IdeasCity fits into The Bentway’s overall programming theme, which is “If, But, What If?” This looks at urbanism through the lens of the arts. In fact, the festival will coincide with the unveiling of six original art installations by an all-Canadian roster that includes Alex McLeod, Michael Awad and Jon Sasaki commissioned by The Bentway.

For its part, IdeasCity marks an exciting arts partnership between New Museum and The Bentway and brings an international perspective to this conversation even as it focusses on Toronto’s unique reputation as a “City of Cities.” Bentway programming director Ilana Altman says the day’s events – which begin at 1pm and go to 10pm – will include workshops, talks, a big-ideas pitch session, and a wrestling match led by Vanessa Brazeau of The Solution Mat.

“She canvasses the crowd for questions, and then – through brute force – participants resolve these issues.
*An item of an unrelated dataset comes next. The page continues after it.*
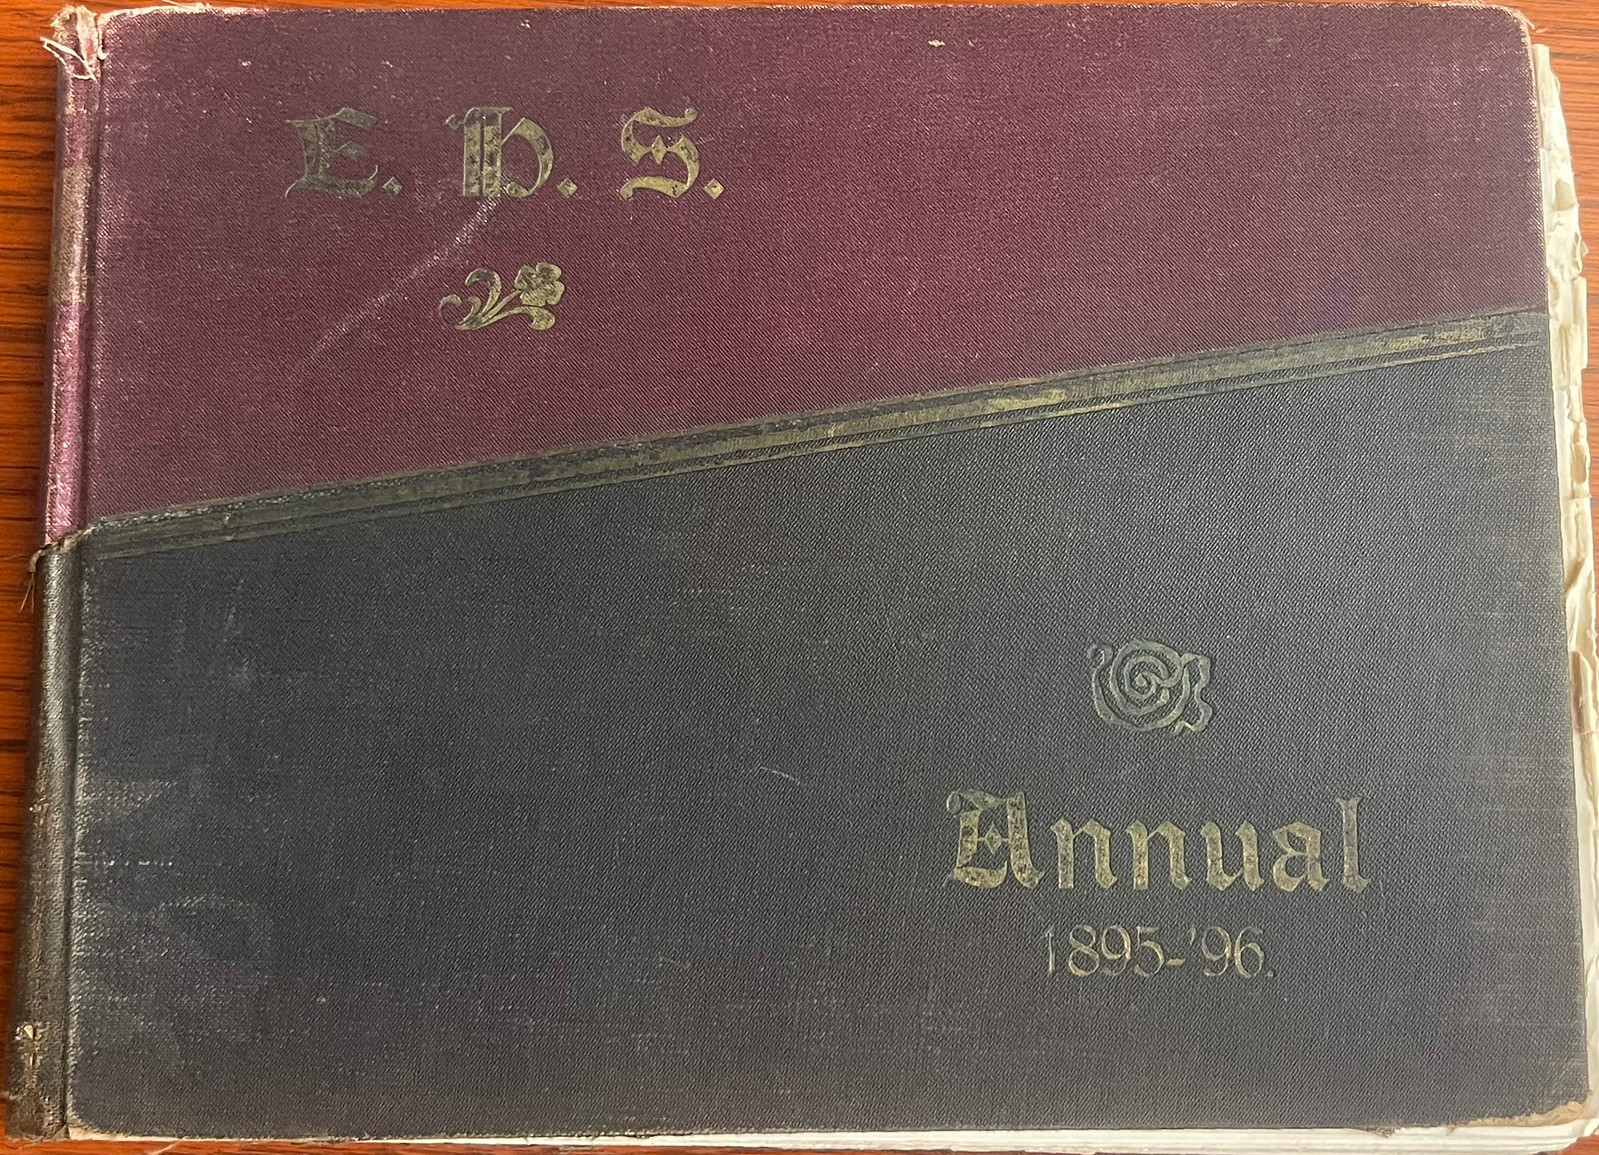 The E.H.S Annual, 1895-96

It’s a commentary on democracy and decision-making, and how people tend to affiliate with either side of a debate,” says Altman. There will also be workshops led by Betty Yu of Chinatown Art Brigade and Myseum, and a spoken word performance by RISE Edutainment and Toronto Poet Laureate Anne Michaels.

The talks will delve into important issues of race, surveillance and community building. They include a panel featuring Toronto-born Simone Brown, an associate professor in the Department of African and African Diaspora Studies at the University of Texas and the author of Dark Matters: On the Surveillance of Blackness, and former Governor General of Canada Adrienne Clarkson in conversation with Mitch McEwan, IdeasCity’s curator.

The keynote will be a joint presentation by artist Rick Lowe, best known for Project Row Houses, a public arts initiative that works closely with New Orleans’ Third Ward communities, and writer-historian Sharifa Rhodes-Pitts, the author of Harlem is Nowhere: A Journey to the Mecca of Black America.

The day will end with a hip-hop singalong, featuring music videos shot during the 1990s heyday of Toronto’s hip-hop scene, MCed by MuchMusic legend Master T. It’s the perfect end to an event that will act as a lens through which to see how Toronto has transformed over the past 20 years, and how it might continue to grow culturally and artistically.